Given the exigencies of
administration, and if imposed, would only mean that some people who at
least get employment temporarily, contractually or casually, would not
be getting even that employment, moreover when securing of such
employment brings at least some succor to them. After all, innumerable
citizens of our vast country are in search of employment and one is not
compelled to accept a casual or temporary employment if one is not
inclined to go in for such an employment. It is in that context that one
has to proceed on the basis that the employment was accepted fully
knowing the nature of it and the consequences flowing from it. In other
words, even while accepting the employment, the person concerned knows
the nature of his employment. It is not an appointment to a post in the
real sense of the term. The claim acquired by him in the post in which
he is temporarily employed or the interest in that post cannot be
considered to be of such a magnitude as to enable the giving up of the
procedure established, for making regular appointments to available
posts in the services of the State. The argument that since one has been
working for some time in the post, it will not be just to discontinue
him, even though he was aware of the nature of the employment when he
first took it up, is not one that would enable the jettisoning of the
procedure established by law for Public employment and would have to
fail when tested on the touchstone of constitutionality and equality of
opportunity enshrined in Article 14 of the Constitution.
x x x
47. When a person enters a temporary employment or gets engagement as a
contractual or casual worker and the engagement is not based on a proper
selection as recognized by the relevant rules or Procedure, he is aware
of the consequences of the appointment being temporary, casual or
contractual in nature. Such a Person cannot invoke the theory of
legitimate expectation for being confirmed in the post when an
appointment to the post could be made only by following a proper
procedure for selection and in concerned cases, in consultation with the
Public Service Commission. Therefore, the theory of legitimate
expectation cannot be successfully advanced by temporary, contractual or
casual employees. It cannot also be held that the State has held out any
promise while engaging these persons either to continue them where they
are or to make them permanent. The State cannot constitutionally make
such a promise. It is also obvious that the theory cannot be invoked to
seek a positive relief of being made permanent in the post.
xxx
52. Normally, what is sought for by such temporary employees when they
approach the court, is the issue of a writ of mandamus directing the
employer, the State or its instrumentalities, to absorb them in
permanent service or to allow them to continue. In this context, the
question arises whether a mandamus could be issued in favour of such
persons. At this juncture, it will be proper to refer to the decision of
the Constitution Bench of this Court in Dr. Rai Shivendra Bahadur v.
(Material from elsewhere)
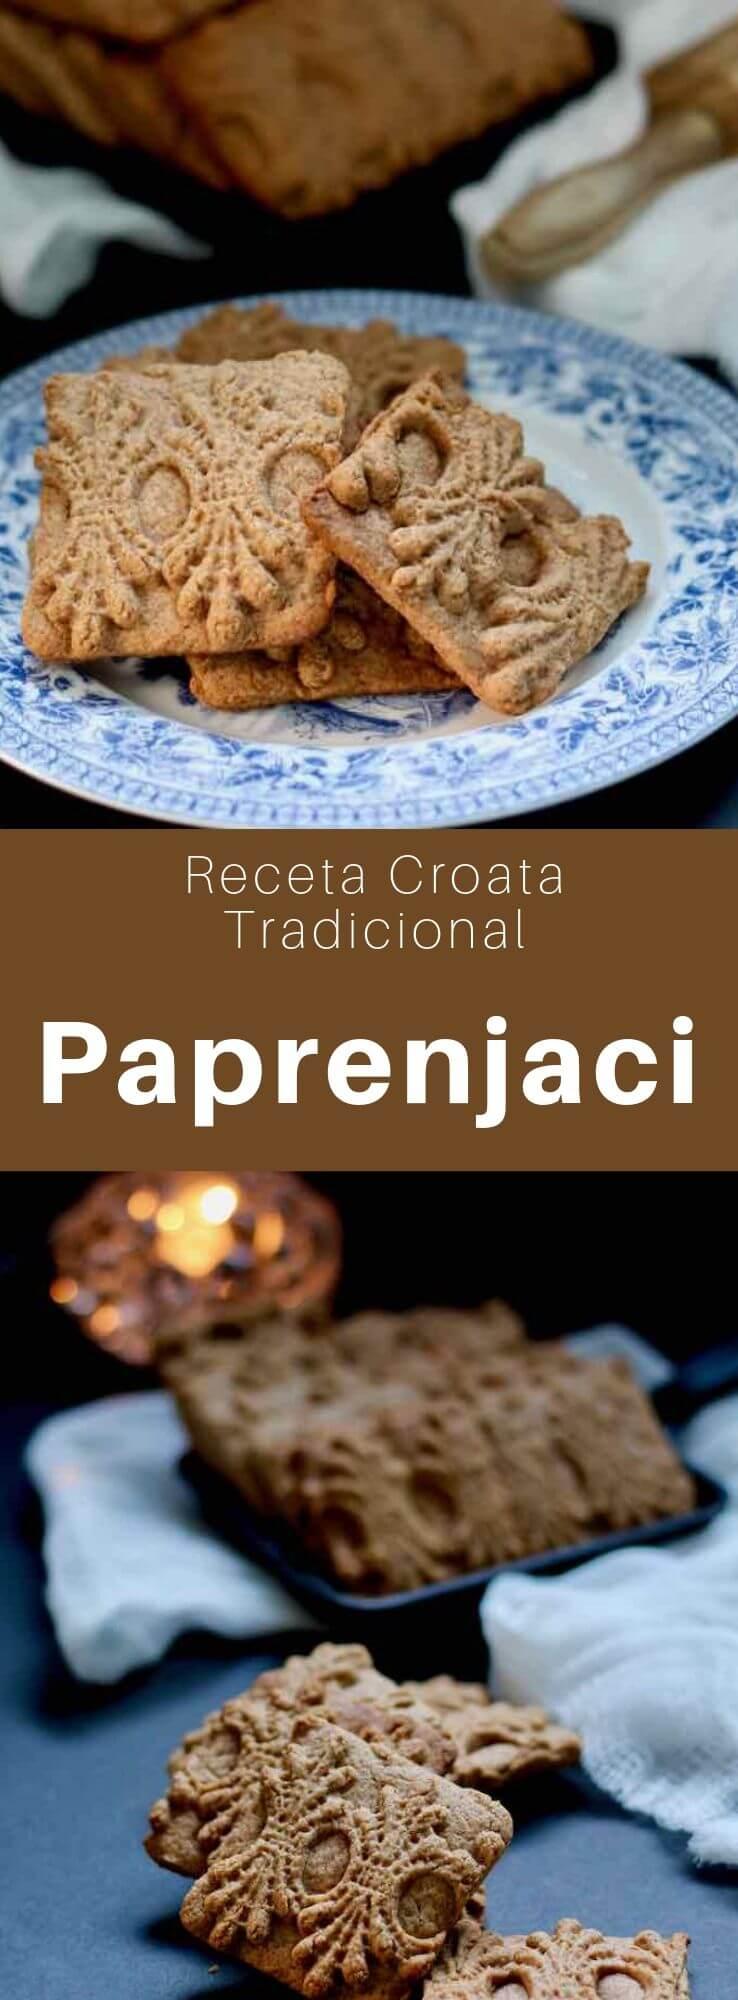 Las galletas paprenjaci (paprenjak, en singular) son galletas croatas tradicionales con sabor a miel y pimienta negra.
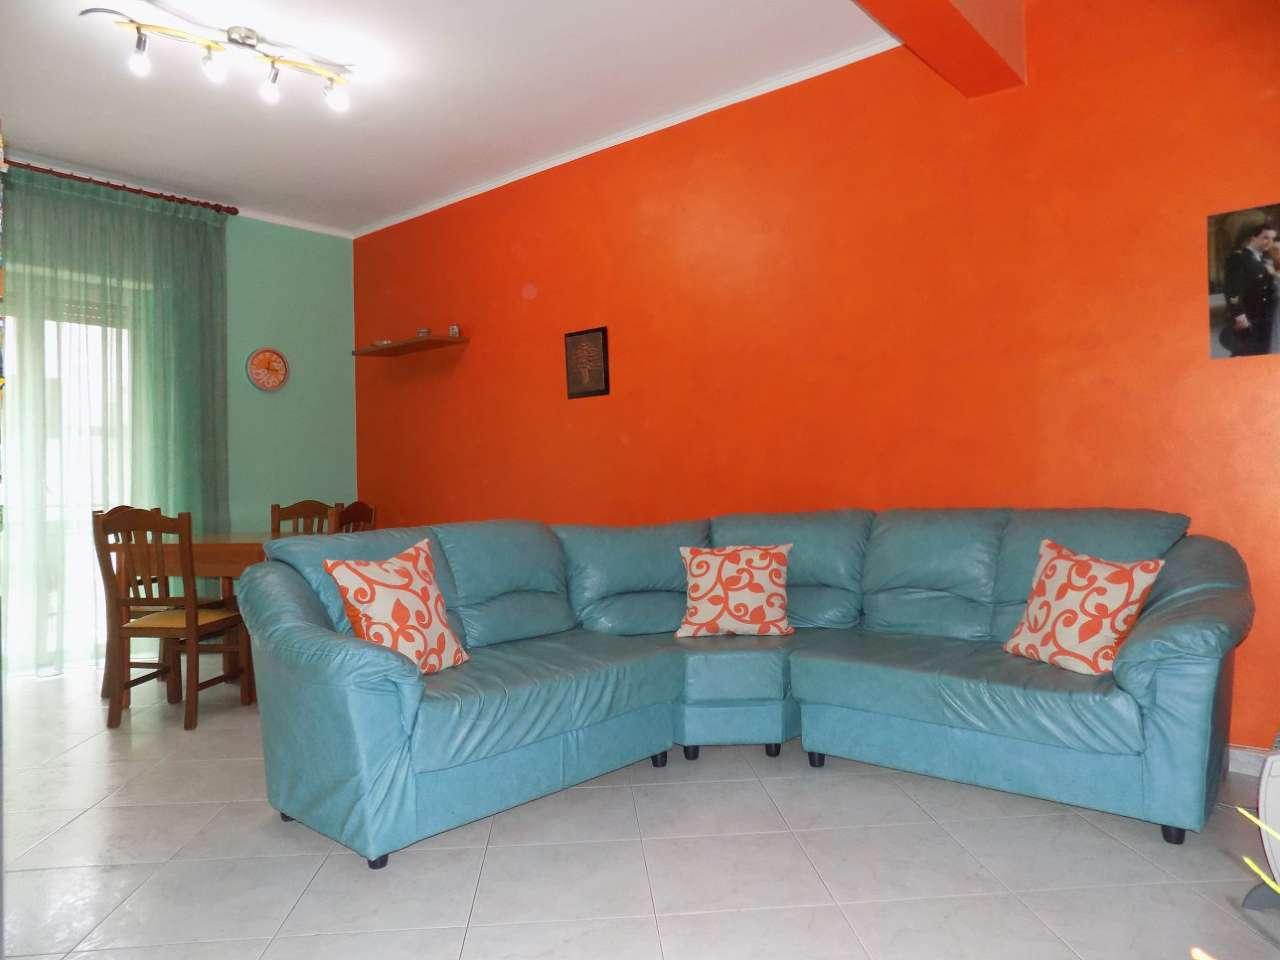 Appartamento in vendita a Casalnuovo di Napoli, 3 locali, prezzo € 120.000 | CambioCasa.it

The Governing Body of the Nalanda College (1962) Supp. 2 SCR 144.
That case arose out of a refusal to promote the writ petitioner therein
as the Principal of a college. This Court held that in order that a
mandamus may be issued to compel the authorities to do something, it
must be shown that the statute imposes a legal duty on the authority and
the aggrieved party had a legal right under the statute or rule to
enforce it. This classical position continues and a mandamus could not
be issued in favour of the employees directing the government to make
them permanent since the employees cannot show that they have an
enforceable legal right to be permanently absorbed or that the State has
a legal duty to make them permanent."
9. In view of what has been stated
in Uma Devi's case (supra), we deem it proper to remit the matter
to the High Court to consider the case afresh in the light of the said
decision.
10. In the connected case decided by
the High Court in O,A. No.89/1996 which related to Writ Petition No.1474
of 1998, this Court had dealt with the matter in Chief Commissioner of
Income Tax, Bhopal and Ors. Vs. Lama Jain and Ors. (2006 (11) SCC 350),
where a similar direction, as contained above, was given.
11. The appeal is allowed to the
aforesaid extent with no orders as to costs.